Поэтическое наследие Баратынского делится на две примерно равные по объему, но неравные по достоинству части: стихотворные повести и стихи. Первые никогда не были бы написаны, не подай Пушкин примера, но они не подражание более крупному поэту, а сознательная попытка написать по-другому. Первая – Эда – простая история о том, как дочку финского крестьянина соблазнил гусарский офицер, стоявший на квартире у ее отца, – сюжет, который уже в двадцатые годы вышел из моды и напоминал о минувшем веке. Трактуется он без риторики, которой поэт тщательно и сознательно избегает, в реалистиче­ском обыденном ключе, с легким привкусом сентиментального пафоса, но без малейшего следа романтизма. Как и все, что писал Баратынский, эта вещь написана таким изумительно точным стилем, что рядом Пушкин кажется туманным. Описательные места принадлежат к самым лучшим – суровая финская природа всегда была особенно мила Баратынскому. И необыкновенно привлекателен тонкий психологический портрет героини – чисто психологически без сомнения стоящий выше всего, что до него было создано в русской литературе.
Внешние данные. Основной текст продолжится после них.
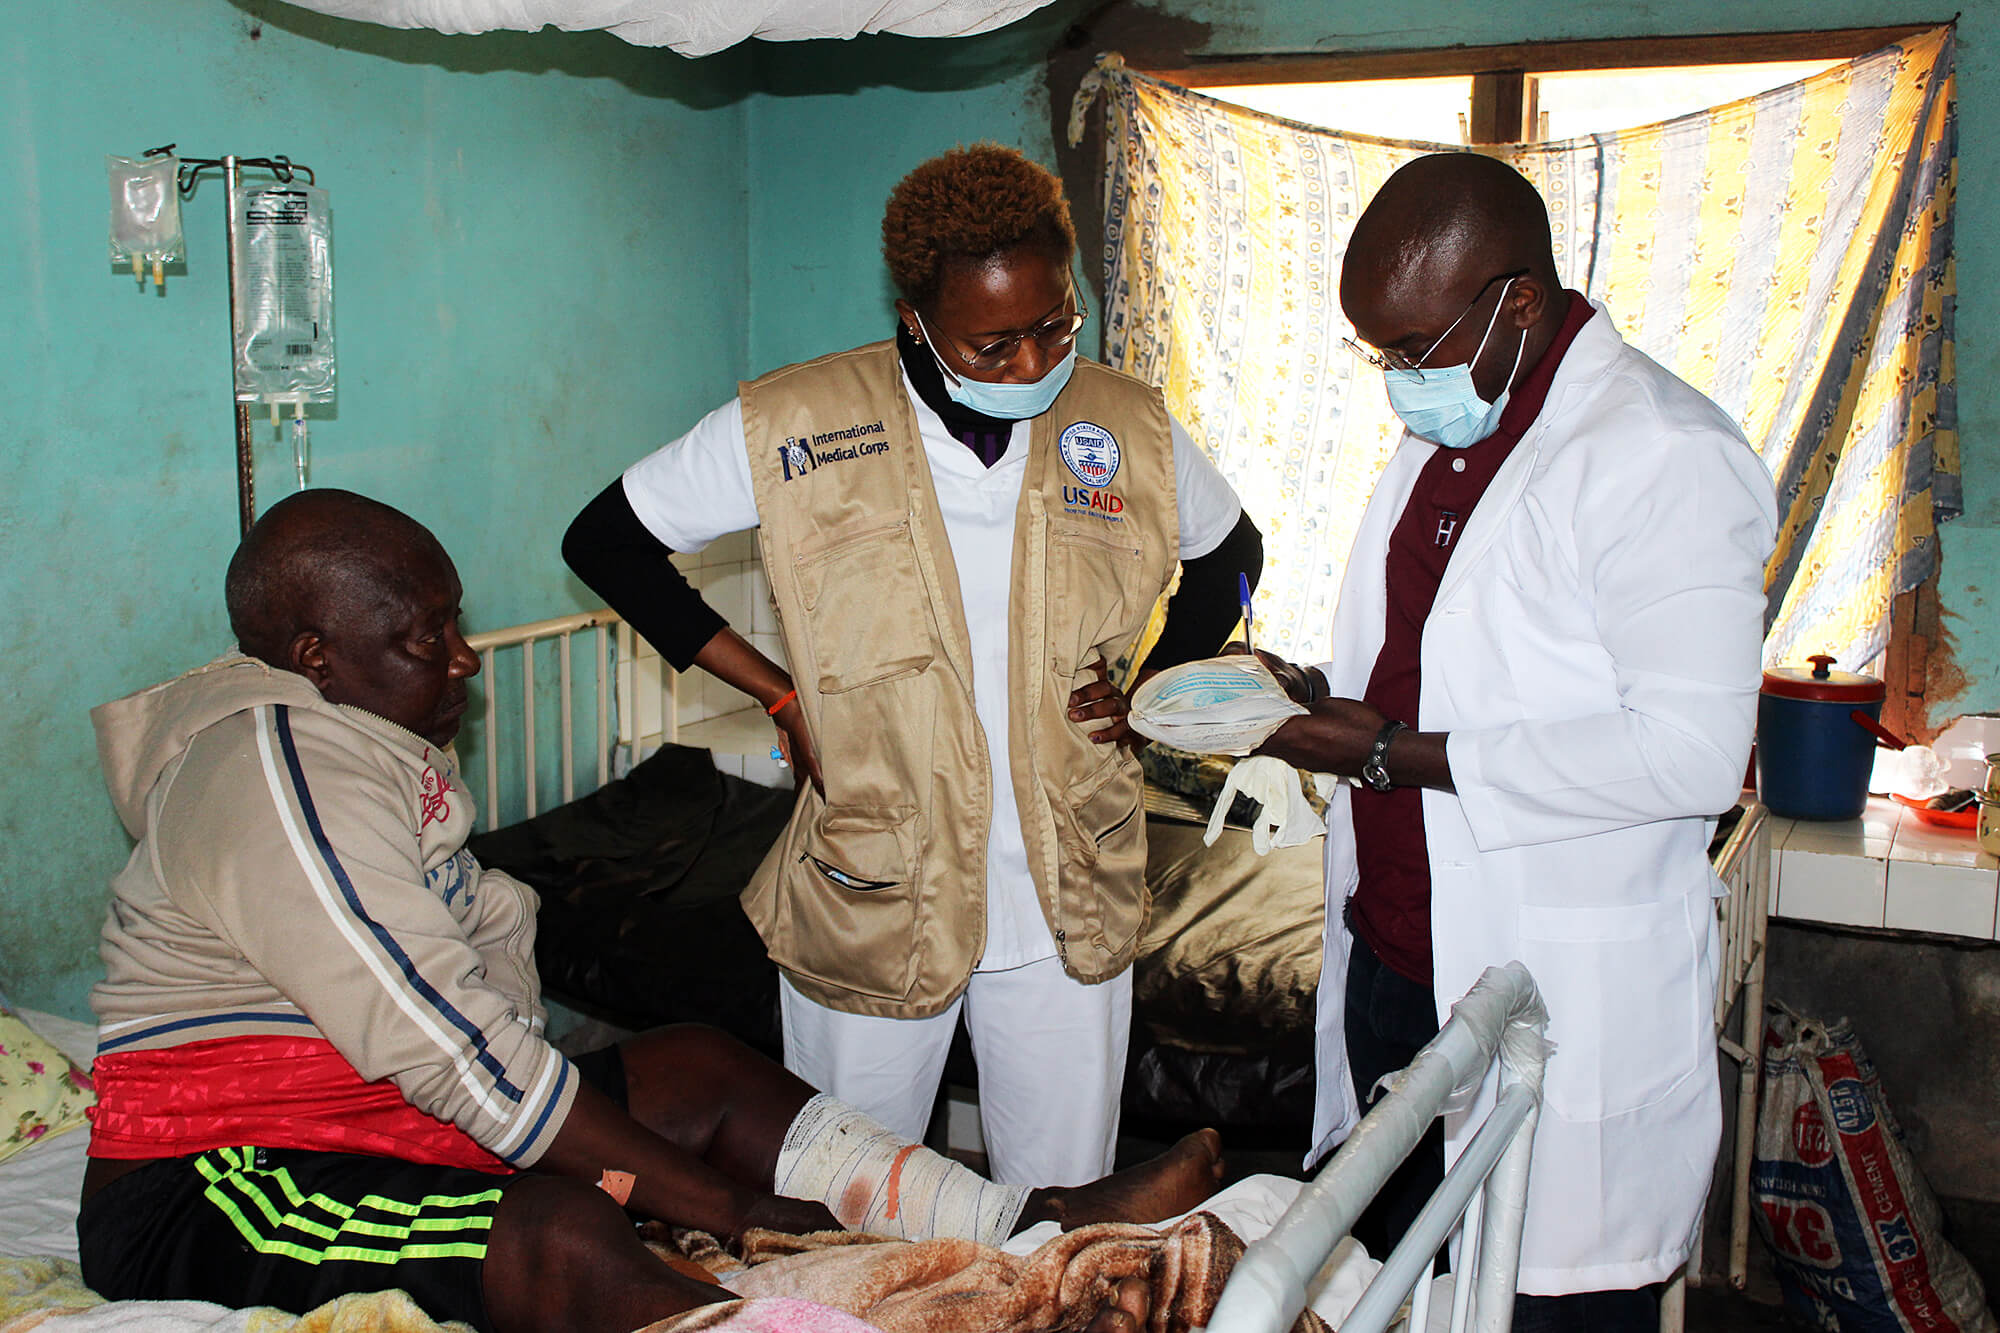 Dr. Norbert Lemonge, a general practitioner and Health Activities Project Manager, and Nurse Judit Manyong check on a patient with a gunshot wound during ward rounds in Konda IHC. In this region, a war is causing injury and death among civilians.

Вторая повесть в стихах Бал (1828) – романтичнее. Это история самоубийства роковой и романтичной светской львицы, брошенной любовником – ради кого? «Жеманная девчонка, со сладкой глупостью в глазах, в кудрях мохнатых, как болонка, с улыбкой сонной на устах» – излюбленный романтиками контраст темной и белокурой красоты. Обстановка поэмы реалистична, но поползновения на юмор неудачны. Баратынскому явно недоставало той естественной непринужденности, без которой юмор так трудно выносить. Третья и самая длинная повесть в стихах – Цыганка (1831). И стиль, ­ и сюжет напоминают Бал: только смуглая леди здесь цыганка, и вместо того чтобы покончить с собой, она нечаянно убивает неверного любовника, думая, что подает ему любовный напиток.

Лирическая поэзия Баратынского тоже распадается на две части, почти равные по объему, но неравные по достоинству. В ранних своих стихах он самый блистательный и характерный поэт двадцатых годов. Они принадлежат к арзамасской поэтической школе. Главные влияния, которые можно там разглядеть, – это молодой Пушкин, французские поэты конца XVIII века (Парни, Мильвуа) и Батюшков. С поздним периодом эти стихи сближает их предельно ясная и сухая атмо­сфера – более сухая и ясная, чем где бы то ни было в русской поэзии – и холодный металлический блеск и звучание стиха. В английской поэзии подобный эффект можно встретить только у Попа. Это легкие летучие пьесы в анакреонтической и горацианской манере, некоторые из них – безусловные шедевры этого жанра; любовные элегии, где нежное, но не индивидуализированное чувство скрыто в оболочке блестящего остроумия; послания к друзьям, где остроумия еще больше; элегии-размышления в стиле, напоминающем (отдаленно) Грея. Из всех этих ранних стихотворений самое длинное и, вероятно, самое лучшее – Пиры, где эпикурейское восхваление радостей застолья мягко перемешивается с задумчивой меланхолией. Эта меланхолическая основа постепенно нашла для себя более оригинальные формы выражения и под конец преобразилась в философский пессимизм зрелого Баратынского.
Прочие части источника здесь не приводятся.